This post’s goal will be to run exactly 333 words. Why? Well, it’s not because the editors at L have given this intern a peculiar allotment of space, with the sole purpose of watching him sweat, I think. Instead, this endeavor will preview what reading fiction on the new iPhone application Triplequick might be like, and to examine the implications of such fiction in conjunction with the focus of the attention-deficient iPhone generation.
This app is the latest offering from Featherproof, an independent publisher from Chicago. Their specialty is mini-books that can be downloaded as pdfs ready to be crafted into tiny origami volumes, or bought as pre-folded copies. This seems charming at first, and any unique attempt to get the reader involved is appreciated, but my fine motor skills are more in tune with an infant’s than a functional adult and I would be tempted to just read the pdf. It is however this contradiction in the nature of the product, both electronic and physical, that makes Featherproof’s new app relevant to the conversation about the future of print as well as the quality of fiction.
Triplequick fictions span 3 iPhone screens and include an author bio and picture. The coming launch will include fiction by authors including Michael Kimball (Dear Everybody) and Shane Jones (Light Boxes), younger writers exploring the ephemeral realms of imagination.
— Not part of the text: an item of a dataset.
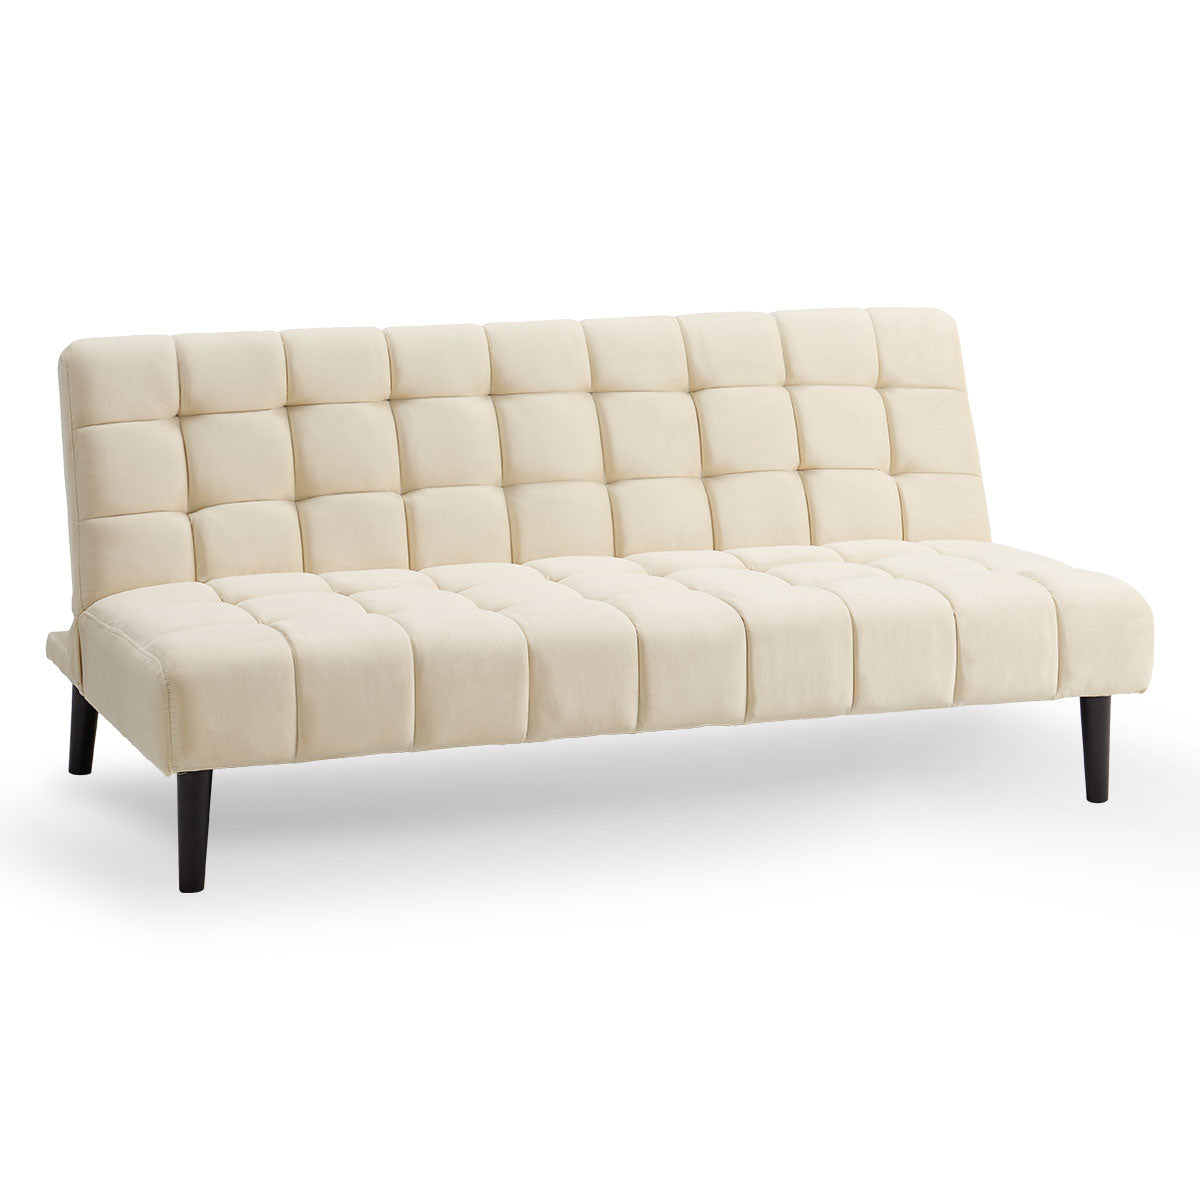 Marlena 3-Seater Faux Suede Fabric Sofa Bed Lounge - Beige

The reason you should buy this app, if one holds to the tired assertion that anything democratic is necessarily good, is the fact that the user can take a self-portrait, write a bio, and then poke away at his tiny little keyboard until there are 333 words on the screen—as long as it’s “fun” according to Featherpoof’s website. Now, I’m all for getting everyone involved with writing, especially since good fiction is not dependent on length, but let’s remember that, though the published fictions by established authors will be short, chances are they took longer to write than the subway ride it takes to read them. There is even a good possibility that the pieces were written over the course of days or weeks, with many drafts and revisions. The glib tone on Featherproof’s website and their assertion that in Triplequick offerings one will have “never seen so few words pushed to such limits,” has this intern questioning whether or not the limits of 333 words really need to be pushed at all, or at least any further than the words themselves will go. After all, if this post had actually kept to its aforementioned task, it would have ended at “takes to read them”.